Does 让 here mean, I can get them to take a ride in my taxi and also I can get them to hire my taxi (as in for several hours).

Yes, you are right. In this case, the taxi driver is boasting his ability to persuade foreigners to ride in his cab and to even hire it for exclusive use over a period of time.

According to 汉典, (ràng ㄖㄤˋ) has the following meanings

 1. 不争,尽(jǐn)着旁人:~步。~位。谦~。 (yield, give up)

 2. 请:~茶。 (offer)

 3. 许,使:不~他来。 (make, get)

 4. 任凭:~他闹去。 (let, allow)

 5. 被:~雨淋了。 (indicates passive voice)

 6. 索取一定代价,把东西给人:出~。转(zhuǎn )~。(trade)

 7. 闪避:~开。当仁不~。 (excuse)

 8. 责备,谴责:“二世使人~章邯”。

 9. 古同“攘”,侵夺。

From the context given, the taxi driver is certainly not boasting about offering a free ride to foreigners but his glib of tongue in getting (使, the third meaning) them to hire his service.


让 has a lot of different meanings in Chinese. You need to consider the context to figure out the exact meaning. (not only the literally context but also some other aspects, like the tone)

In this case, I think the driver is showing off his tricks/capabilities to persuade/convince foreigners to hire him as a driver (that he can get more payment than just ordinary operation). Many taxi driver told me the exact same thing.

To know whether it's a "tricks-persuade" or "capabilities-convince", you need to provide me more context :)



I would translate it as follows, (assuming it is uttered by a taxi driver)

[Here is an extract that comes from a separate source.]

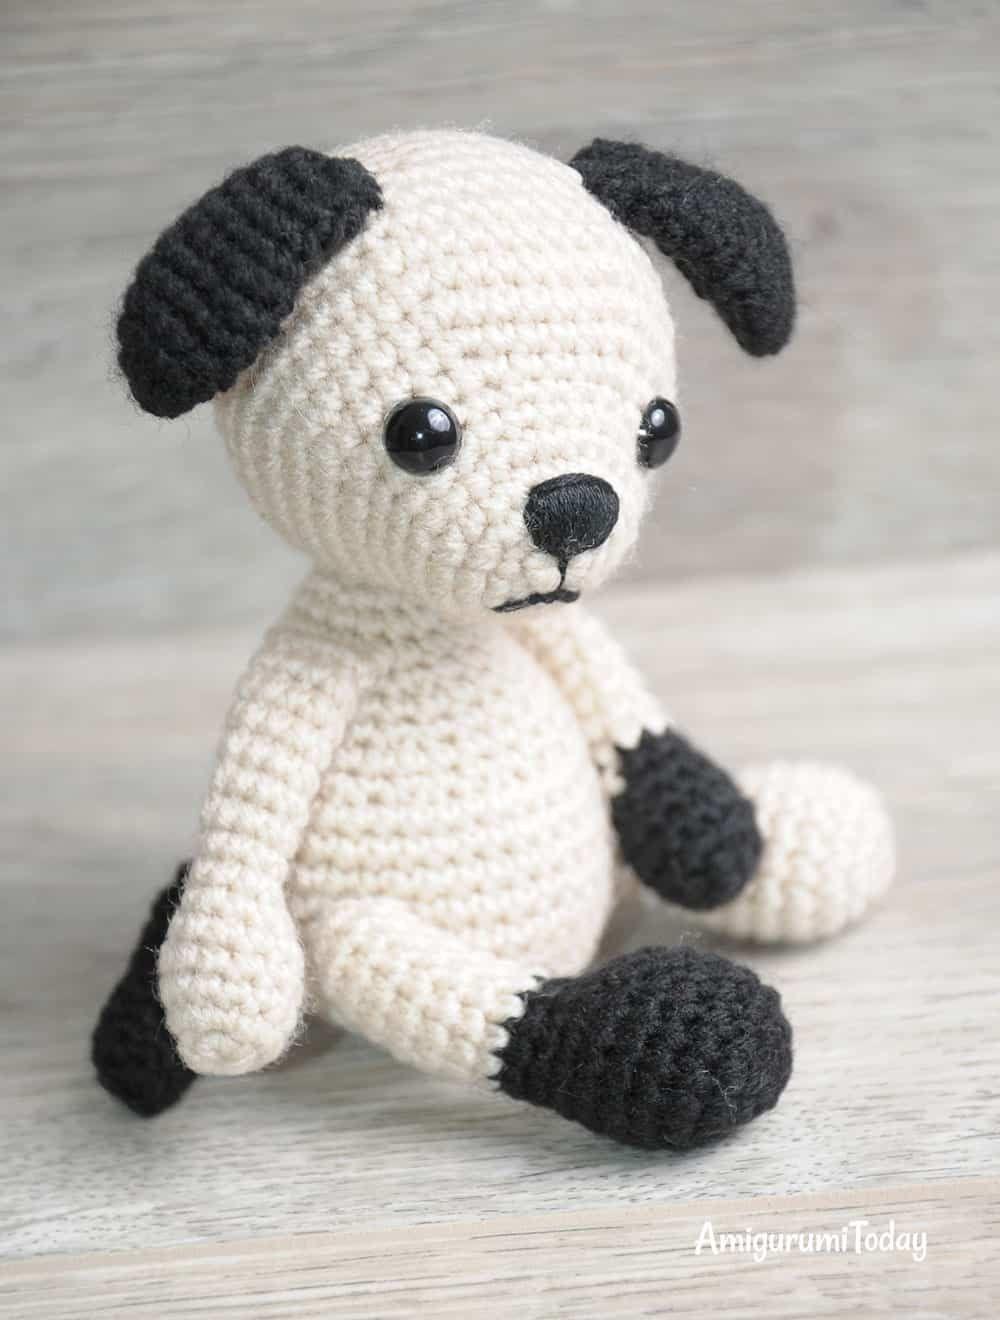 Amigurumi Tommy the Dog crochet pattern | Crochet | Pinterest ...

Assumption:- The taxi driver could be informing that he has some special permit to not only hire out his taxi on a metered-mileage basis, but also hire it out as a time package-hire.

我不但... I not only

能够让... have permit to allow

外国人... foreigners...

坐我的车,... to ride in my car,

还... but also

能够让他... am permitted to let them

包我的车... package-hire it.


It simply means 'allow' here.

It means that, I could not only allow foreigners to sit in my car, but also allow them to rent my car.

However, in English, 坐我的车 should mean that 'sit in my car and I could take them a trip'.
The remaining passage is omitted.